SUPPLIED MATERIAL Block Start
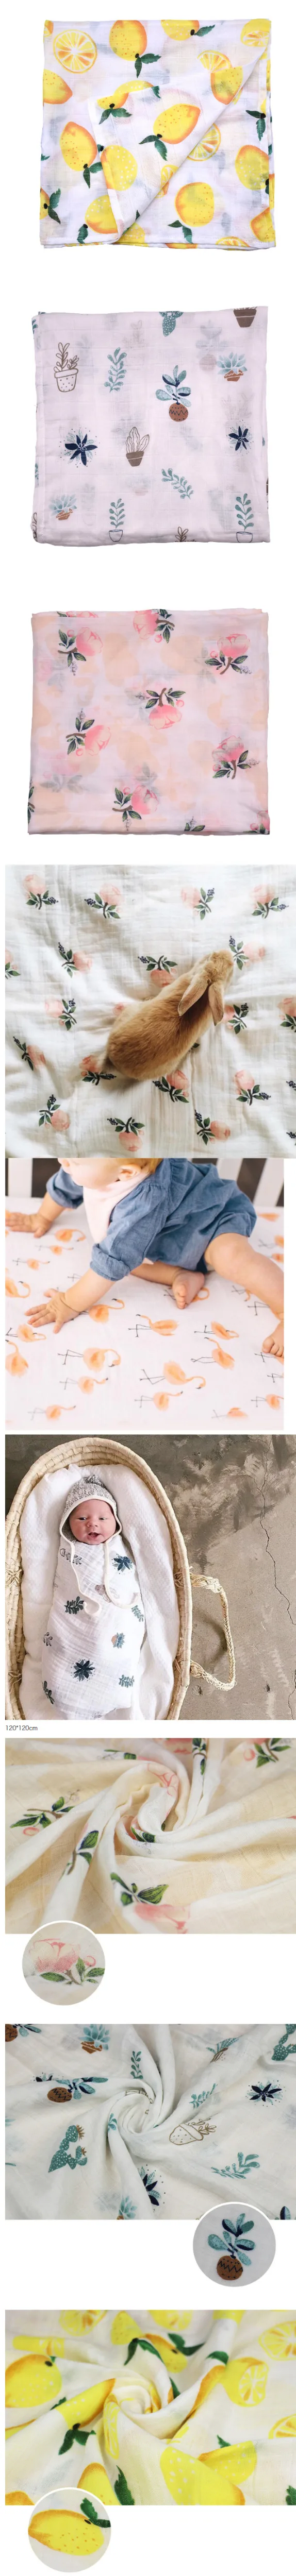 Окей мам детское одеяло пеленать новорожденного 120x120 см супер мягкий дышащий Мульти-Применение Муслин Хлопок Обёрточная бумага лимон розы
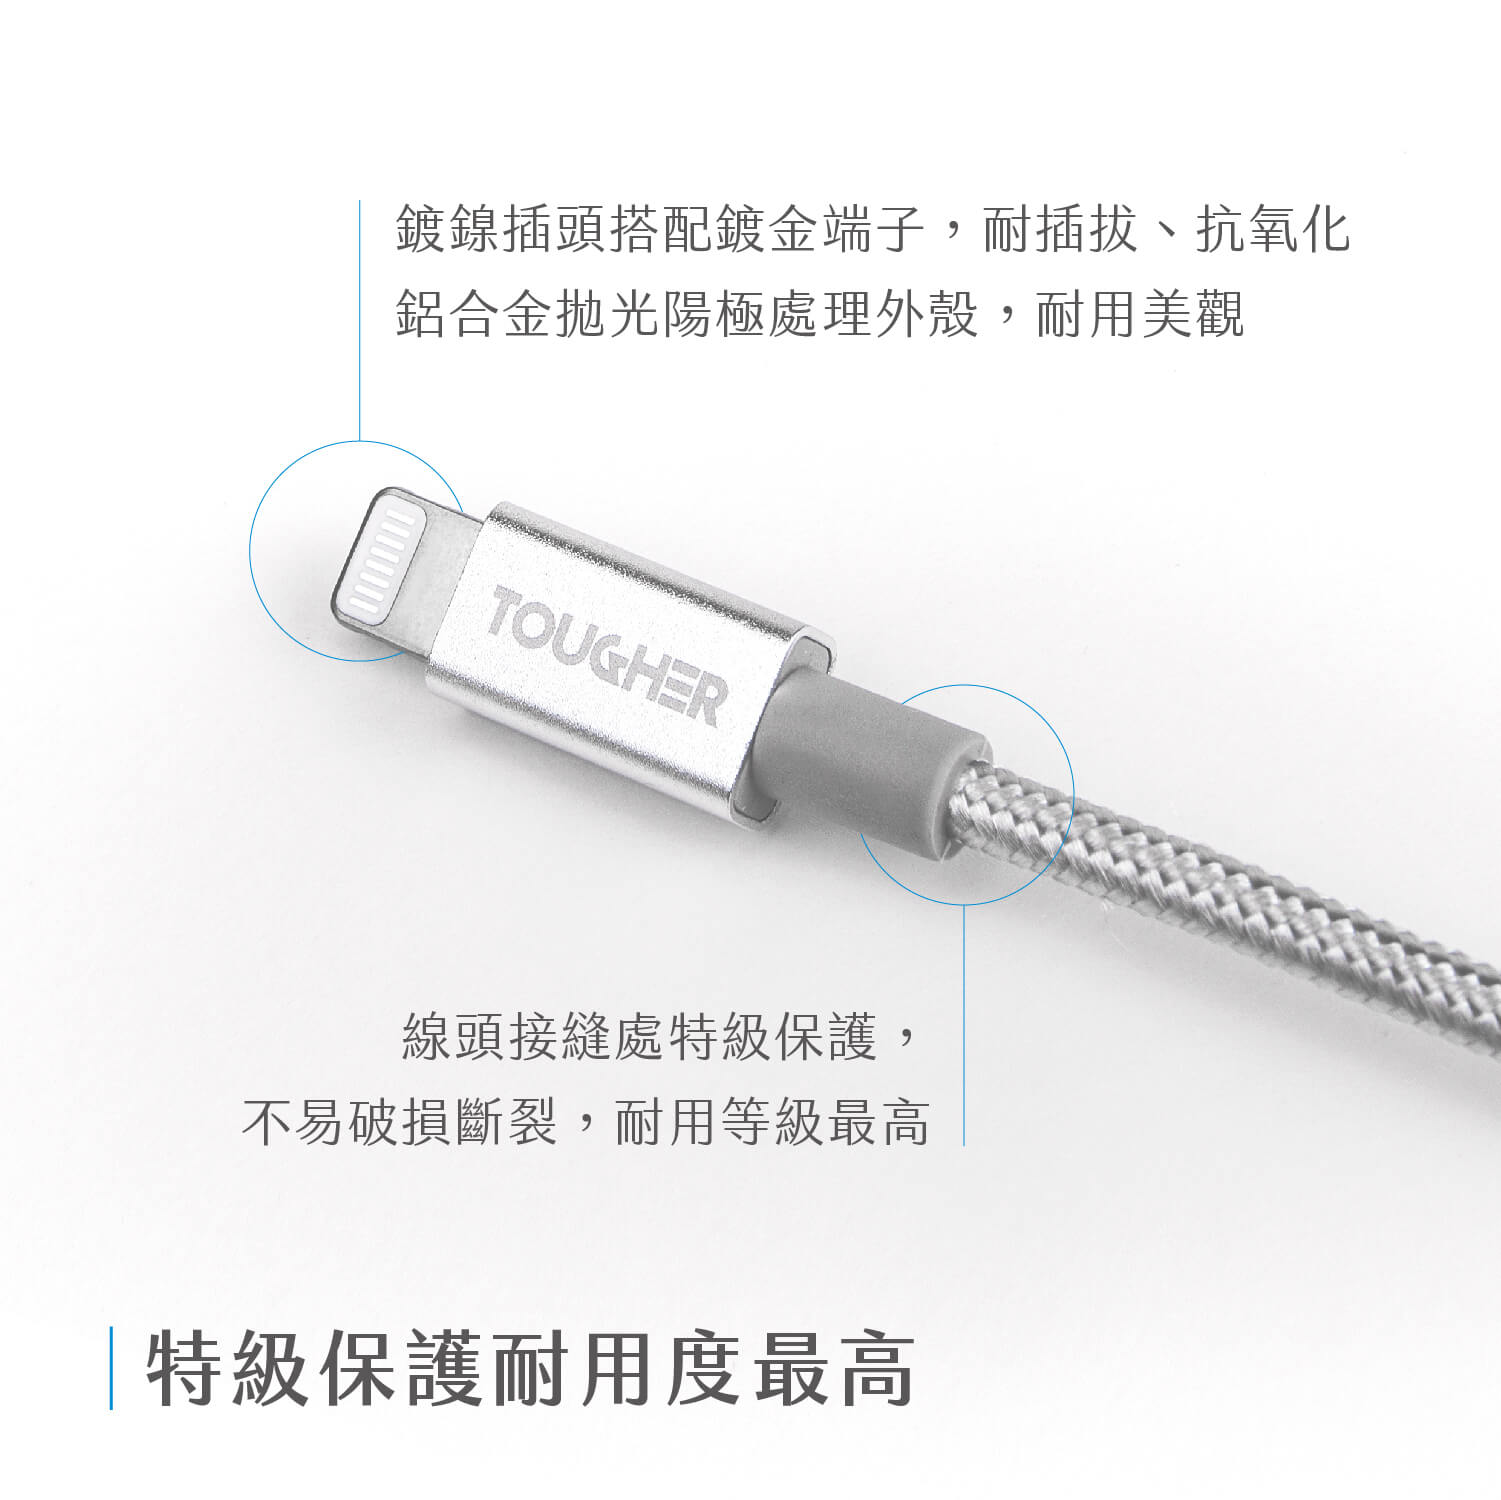 TOUGHER USB-A to Type C 1.2m金屬編織傳輸線
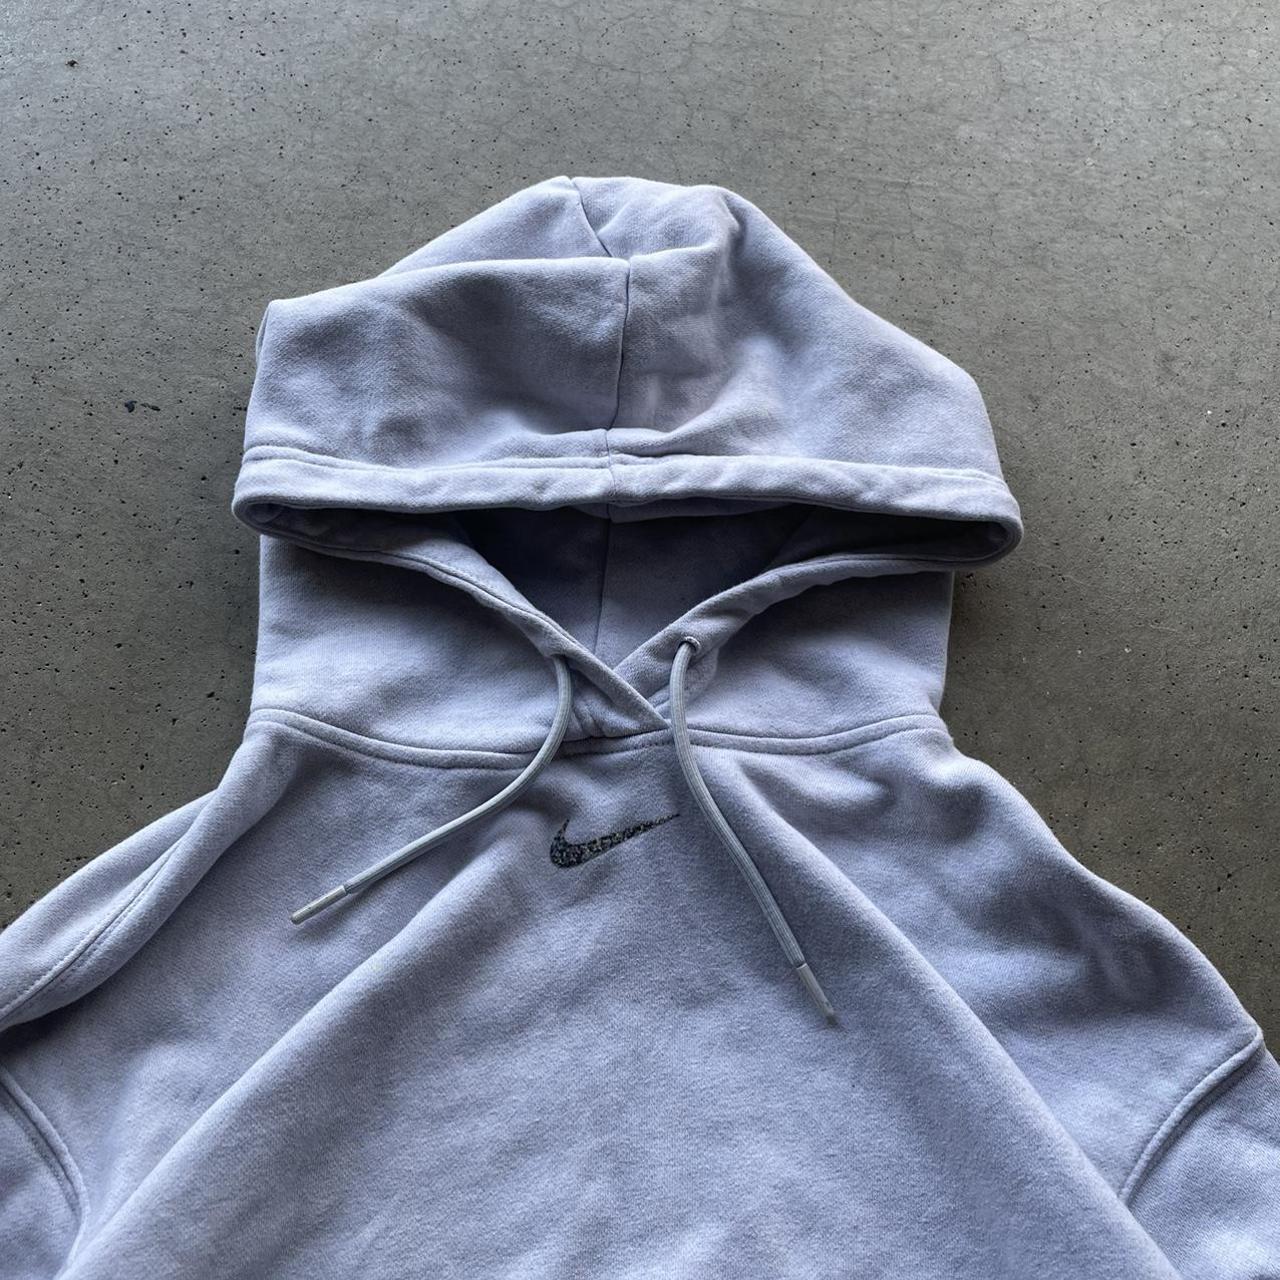 Vintage Nike center swoosh hoodie white/grey... - Depop
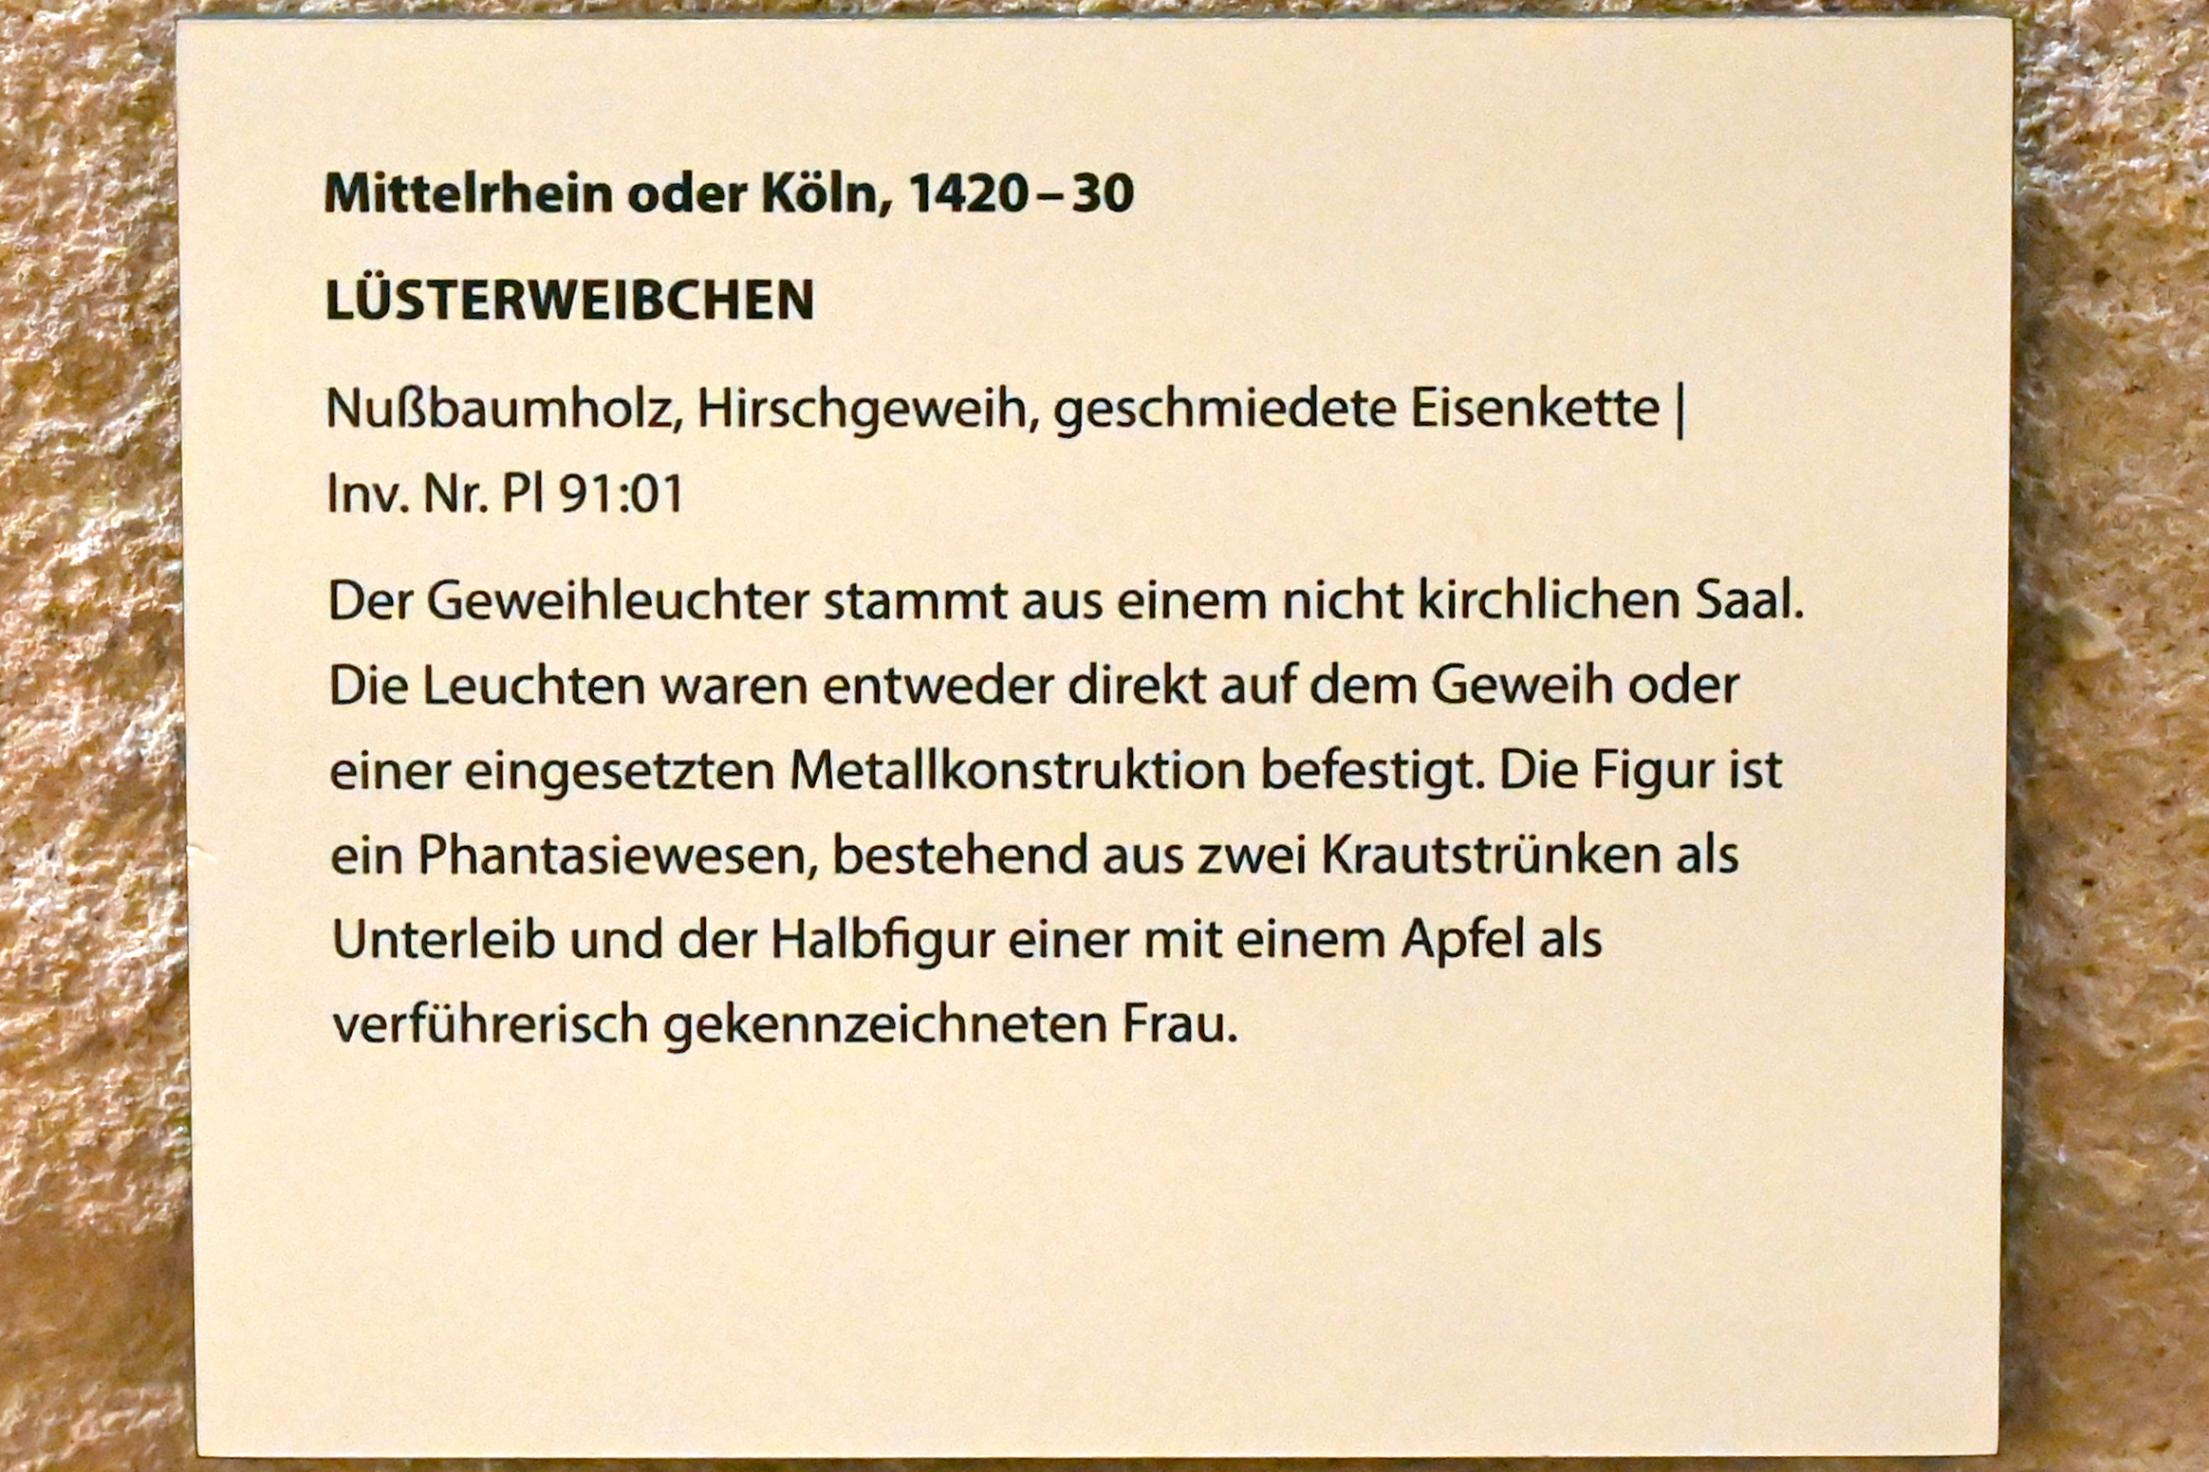 Lüsterweibchen, Darmstadt, Hessisches Landesmuseum, Kirchliche Schatzkammer, 1420–1430, Bild 2/2
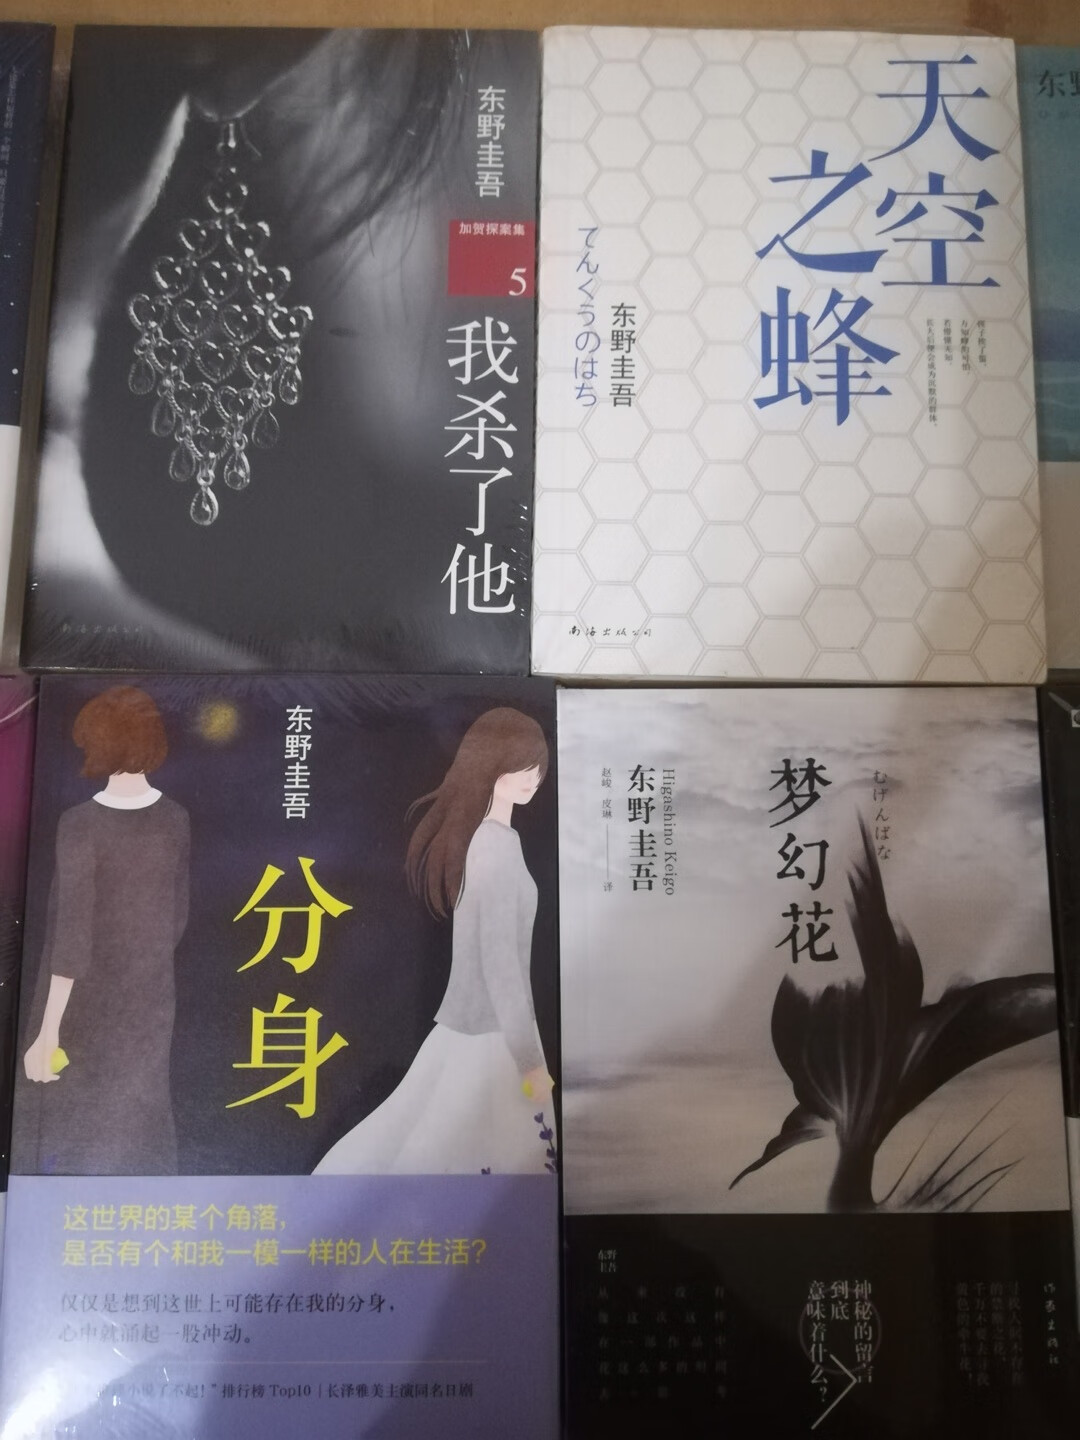 非常好看，很喜欢东野圭*的书。
SUPPLIED MATERIAL Block End
Reproduce each entry precisely, dropping only the pictures.

(RESULT)
 Окей мам детское одеяло пеленать новорожденного 120x120 см супер мягкий дышащий Мульти-Применение Муслин Хлопок Обёрточная бумага лимон розы
 TOUGHER USB-A to Type C 1.2m金屬編織傳輸線
 Vintage Nike center swoosh hoodie white/grey... - Depop
 Lüsterweibchen, Darmstadt, Hessisches Landesmuseum, Kirchliche Schatzkammer, 1420–1430, Bild 2/2
 非常好看，很喜欢东野圭*的书。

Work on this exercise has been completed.